Maybe not "the" devil, but a devil nonetheless. It didn't have big ivory horns or pale red hues to its skin or a forked tail dangling out beneath its legs. It wasn't the stereotypical devil she had read about or remembered from Halloween costumes. This one didn't look anything like those traditional devils but like something worse.

This thing looked like pure and simple evil.

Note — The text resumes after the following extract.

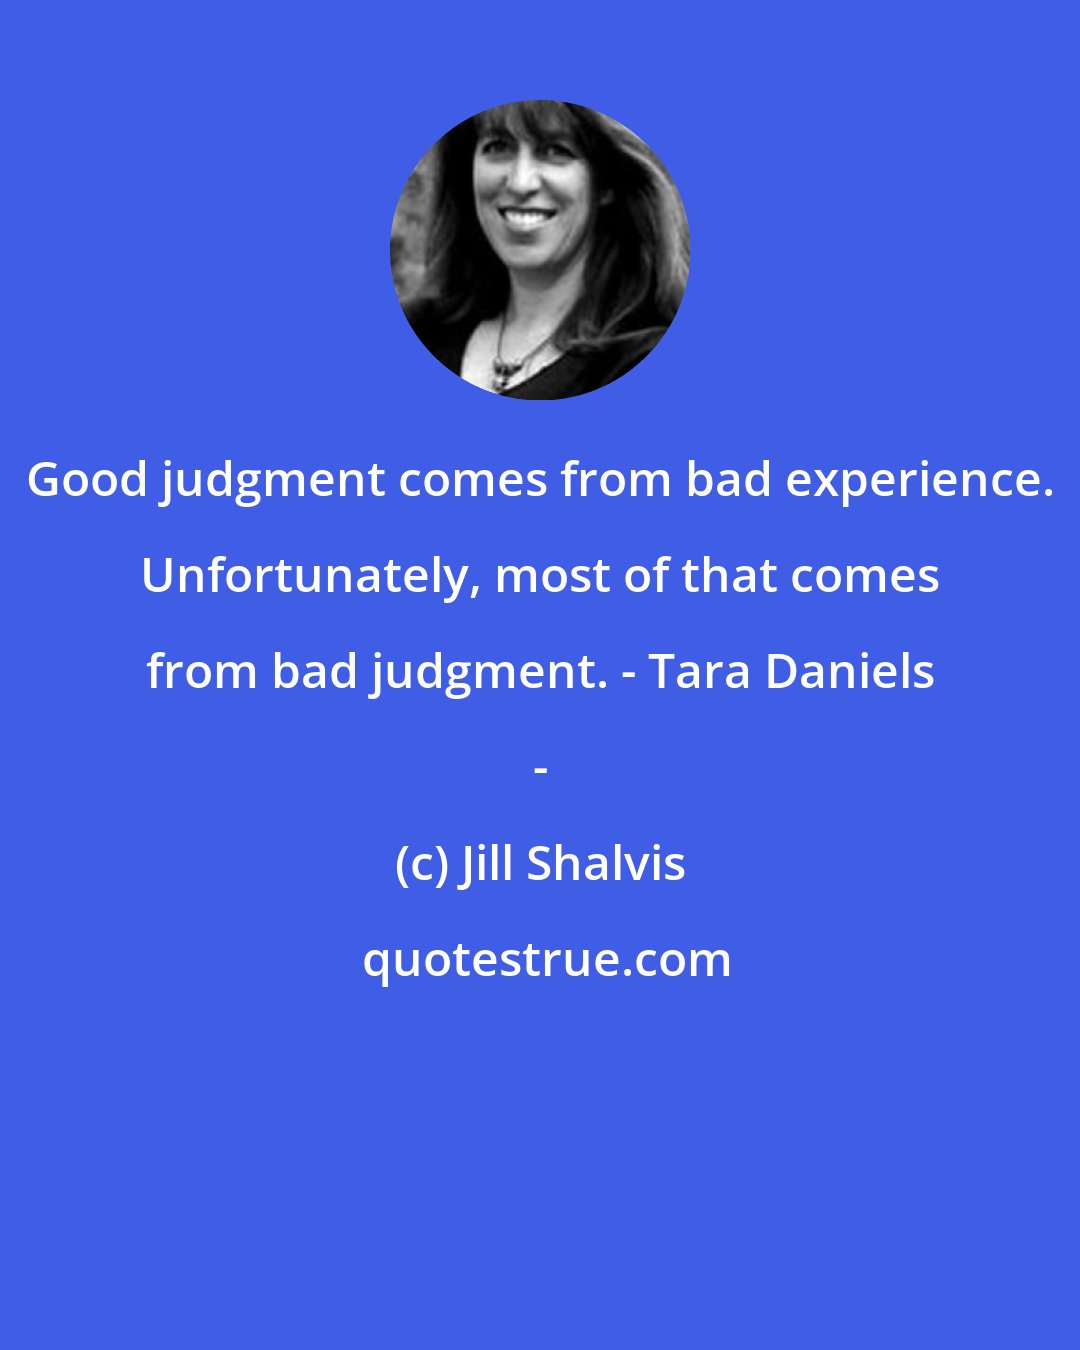 Jill Shalvis: Good judgment comes from bad experience. Unfortunately, most of that comes from bad judgment. - Tara Daniels -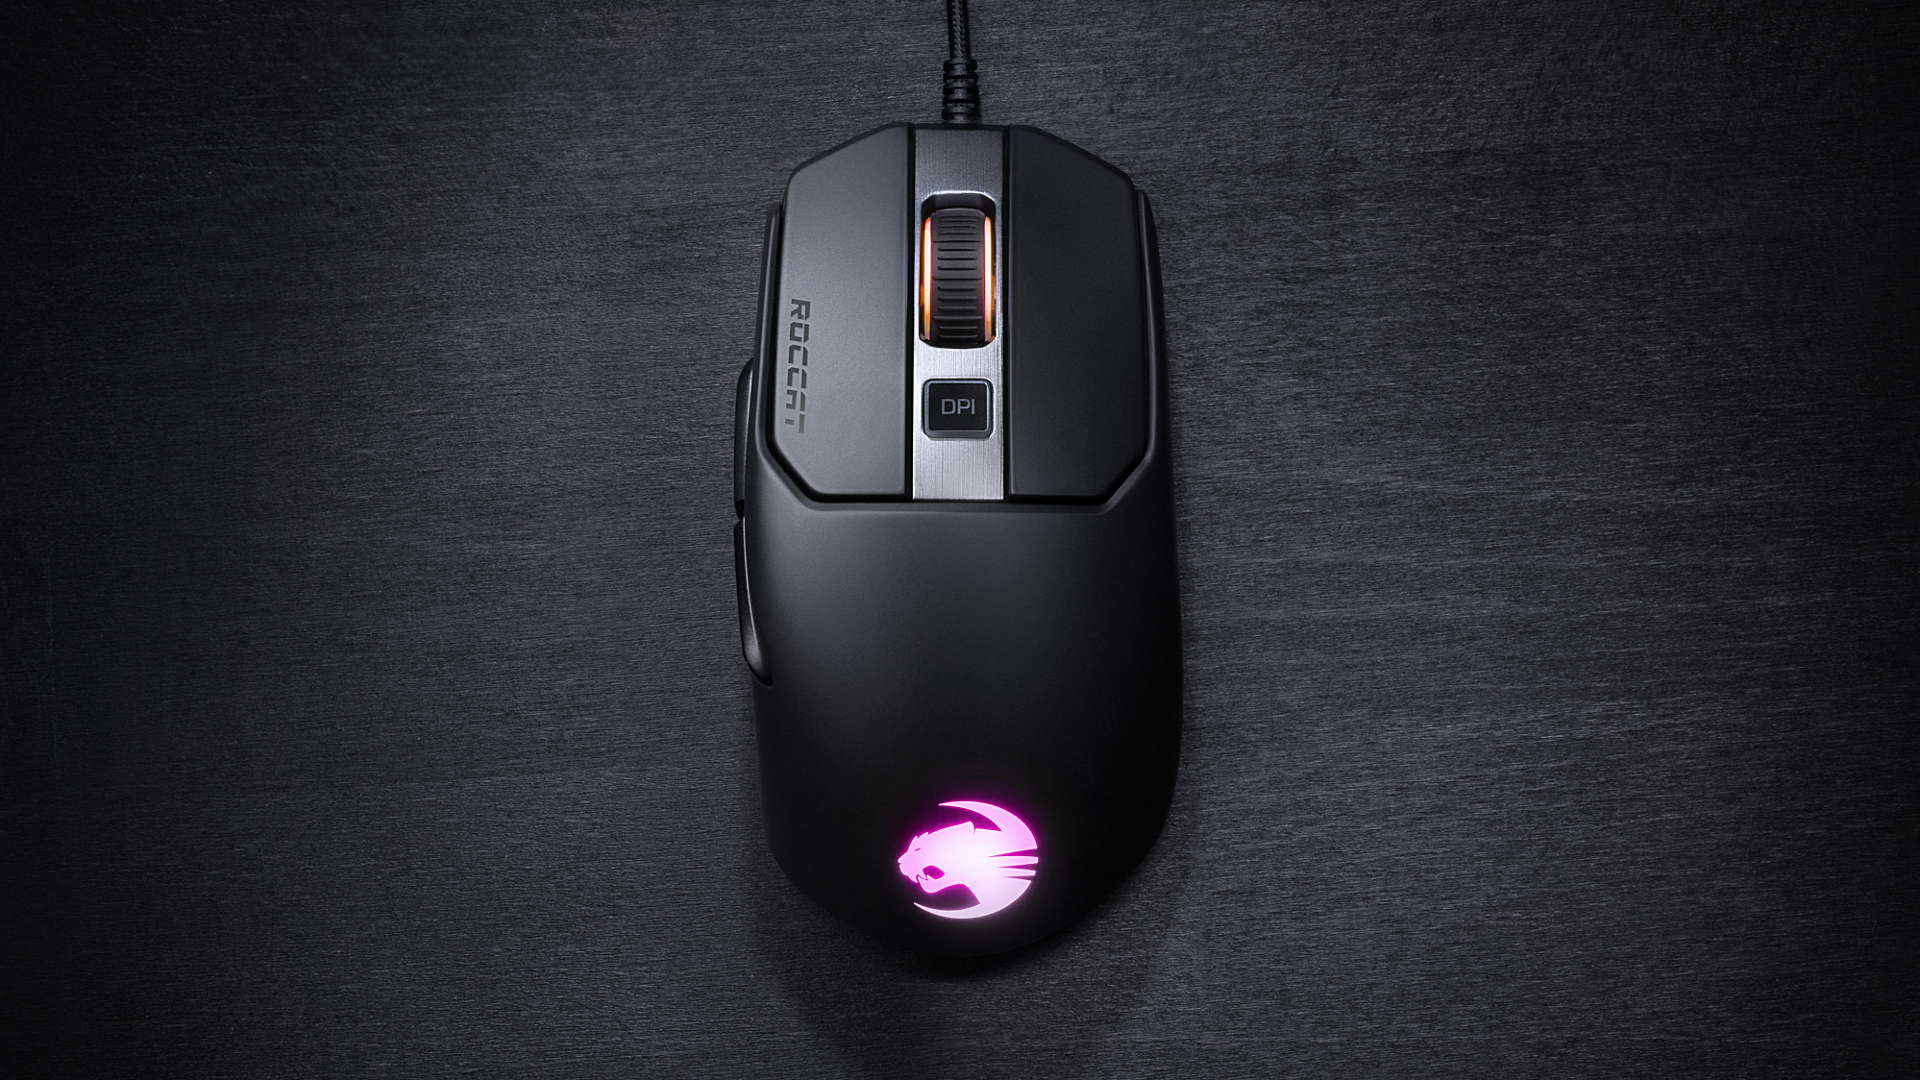 Roccat S New Gaming Mice Use Titan Click To Make You Quicker On The Draw Techradar

A dark veil clung it, like alternating wrinkled folds of blackness and coldness, each playing against the other. It was mostly in the eyes, those gluttonous eyes, the fear they generated in her, and the grin, the grin that knew she had seen it but didn't care. It knew she knew and it liked it. Rose could tell. That was how she knew this thing was not going to end its killing anytime soon. In fact, it was only just beginning. Now the creature had a taste of her fear, and it would want more. It wouldn’t be content to feed on the fear of single victims any longer. It wanted to usher in a new era of horror to Devonshire, and then? Who knew? Move onto the next town? Hillsboro wasn't far away. Maybe they would be just as tasty.

Poor Rose. Such knowledge, and no one to tell. When Mrs. Tucker returned from the hospital with her children, she would tell her everything she knew, and whether she believed her or not didn't matter. She would make her believe, just like she would make the rest of the town believe.